━━ COLLECTED DATA
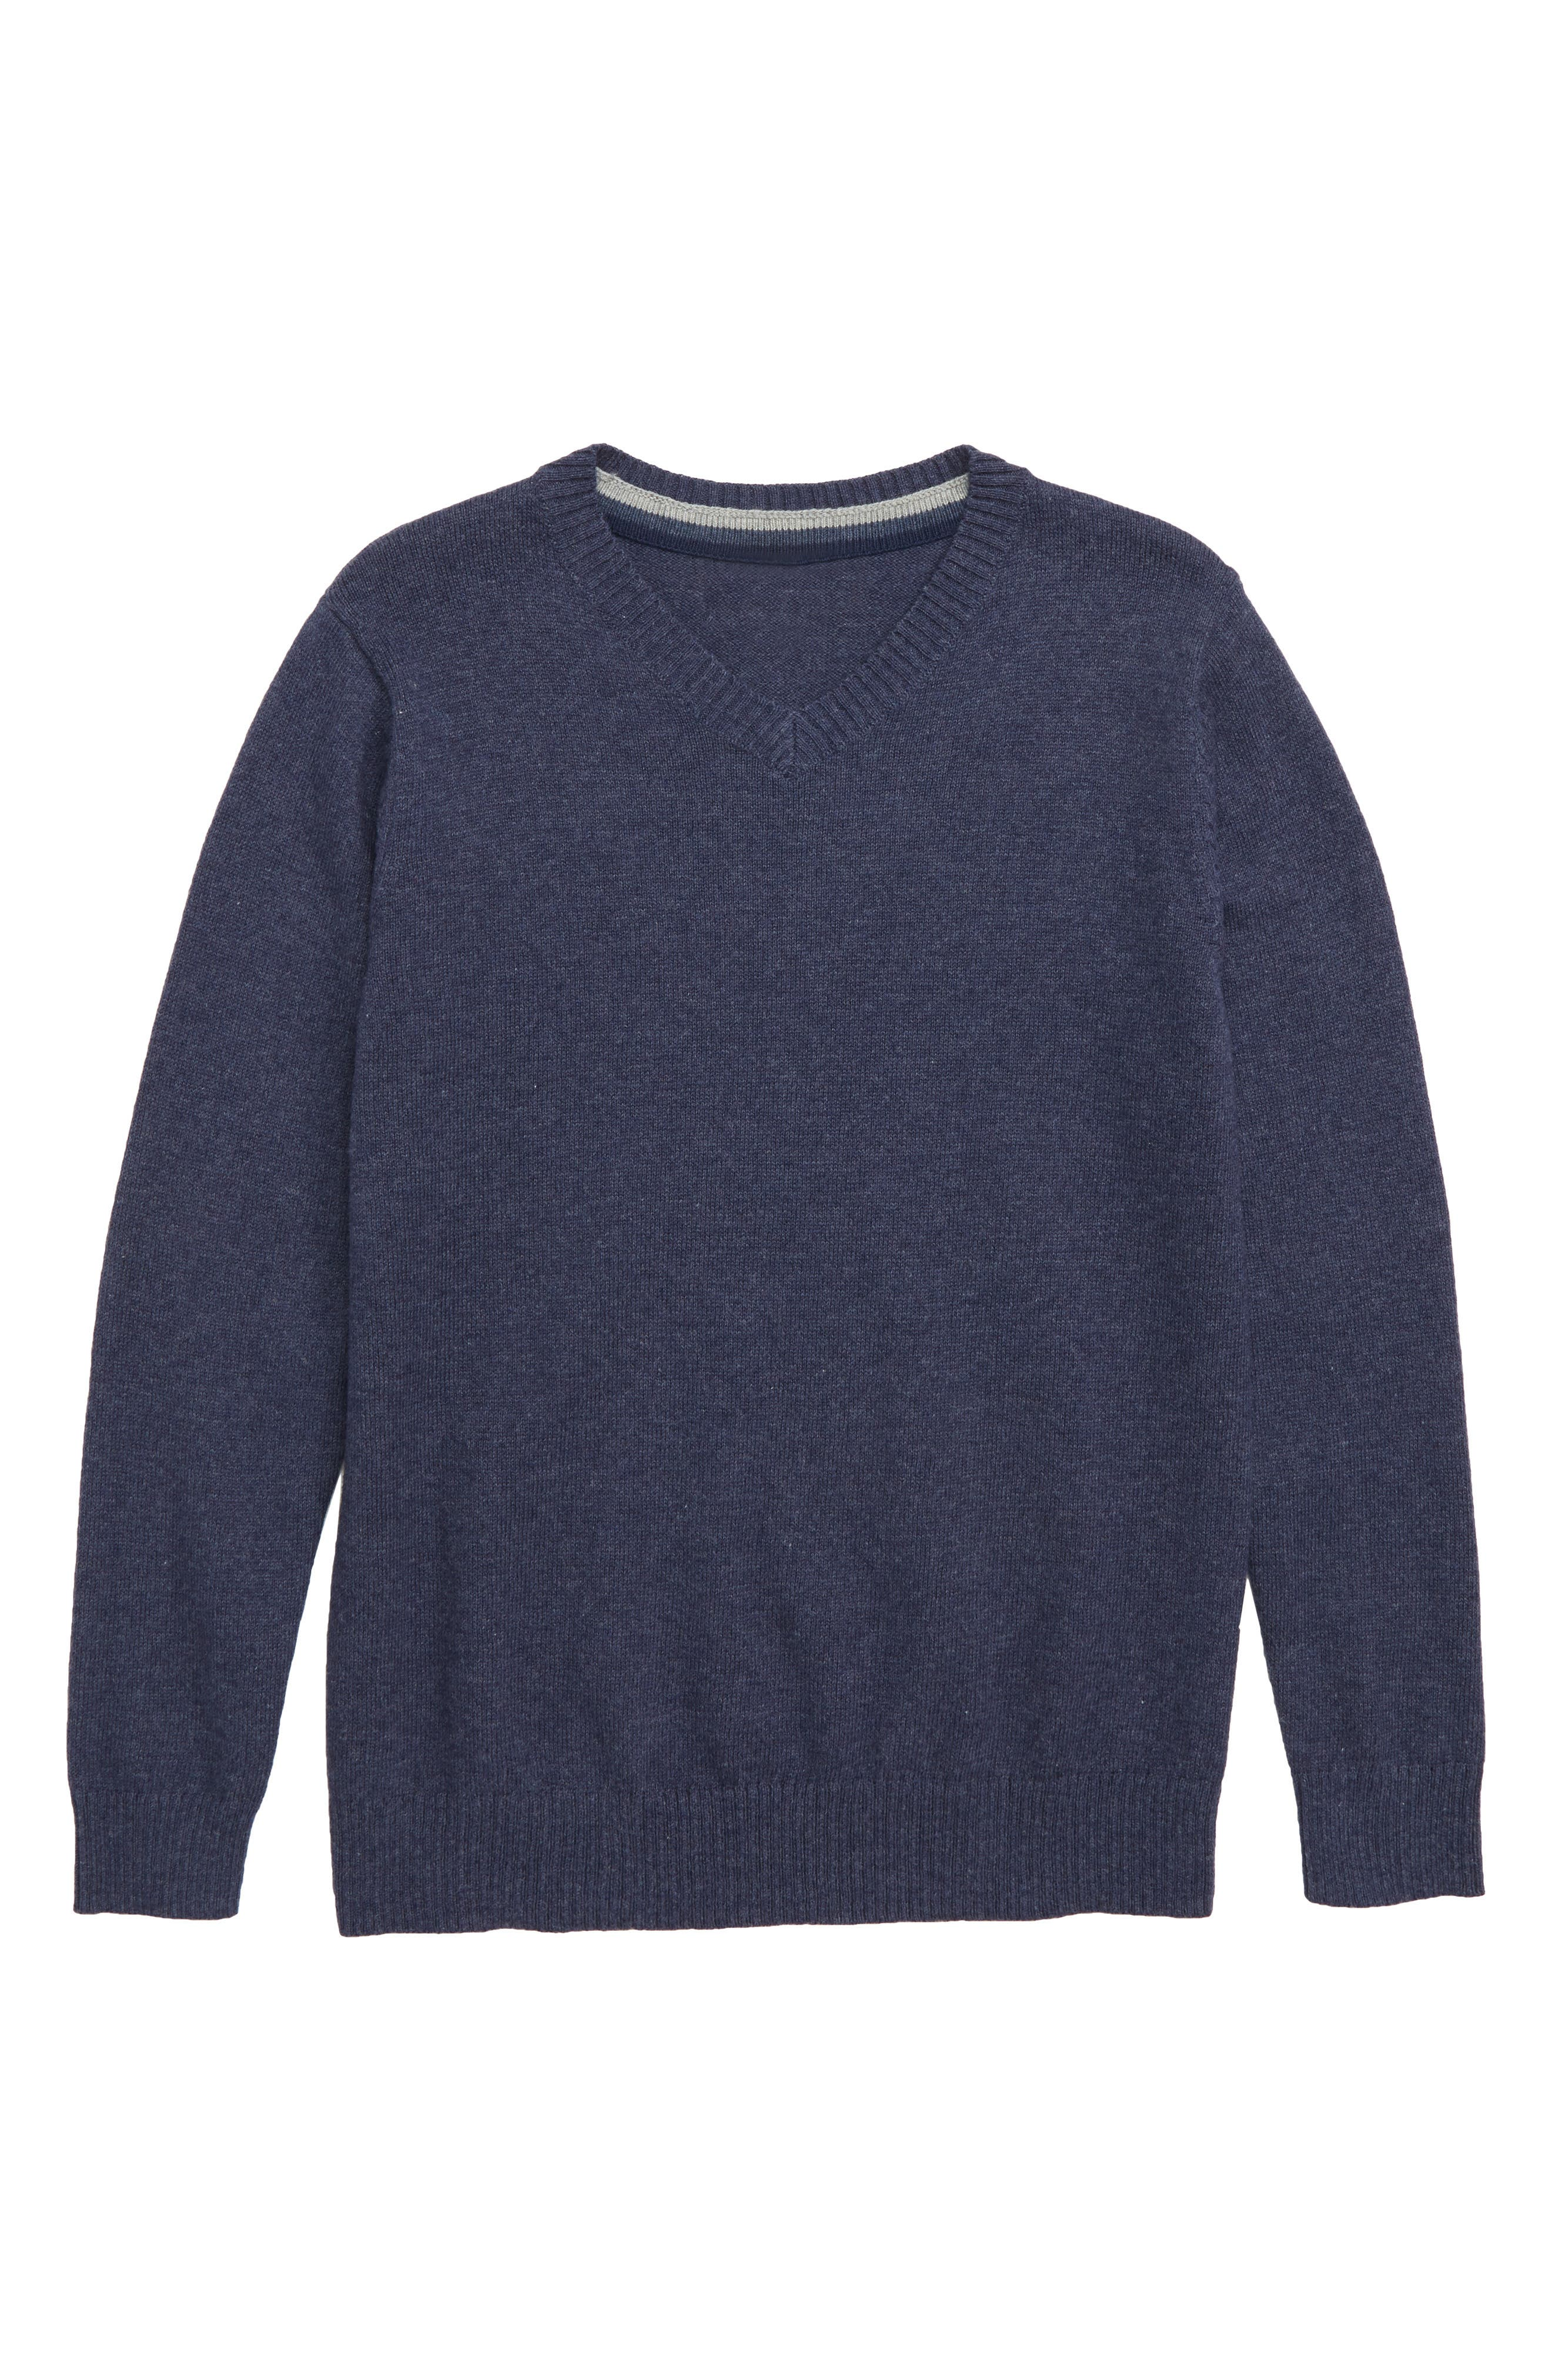 V-Neck Sweater,                             Main thumbnail 1, color,                             NAVY BLAZER HEATHER
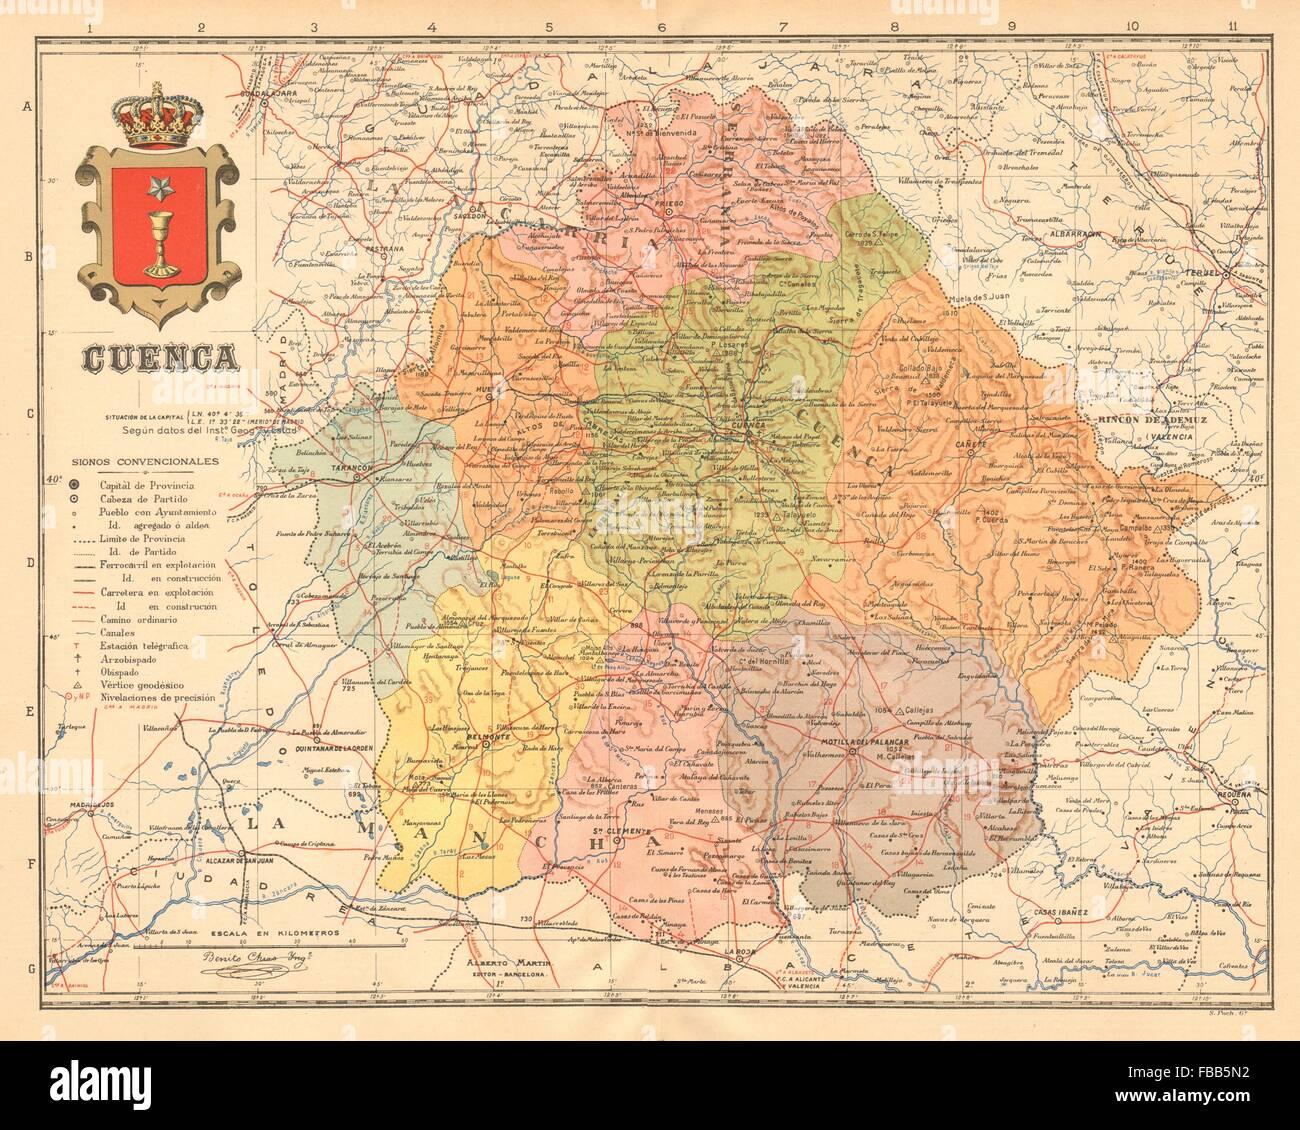 Mapa Provincia De Cuenca.Cuenca Castilla La Mancha Mapa Antiguo De La Provincia Alberto Stock Photo Alamy
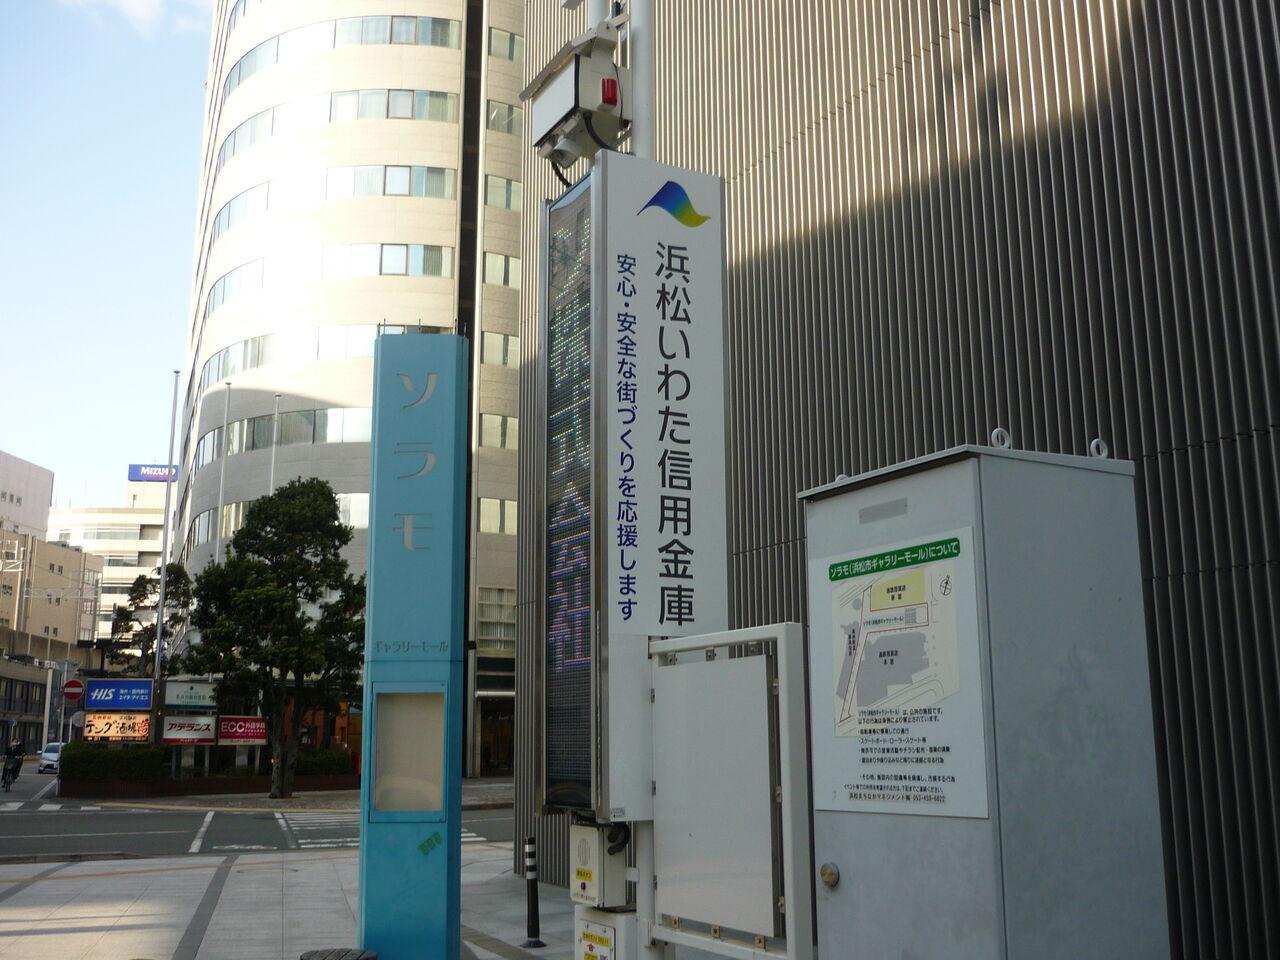 浜松いわた信用金庫 (1)
━━━━
Return all the data exactly, and keep the pictures out.

 V-Neck Sweater,                             Main thumbnail 1, color,                             NAVY BLAZER HEATHER
 Mapa Provincia De Cuenca.Cuenca Castilla La Mancha Mapa Antiguo De La Provincia Alberto Stock Photo Alamy
 浜松いわた信用金庫 (1)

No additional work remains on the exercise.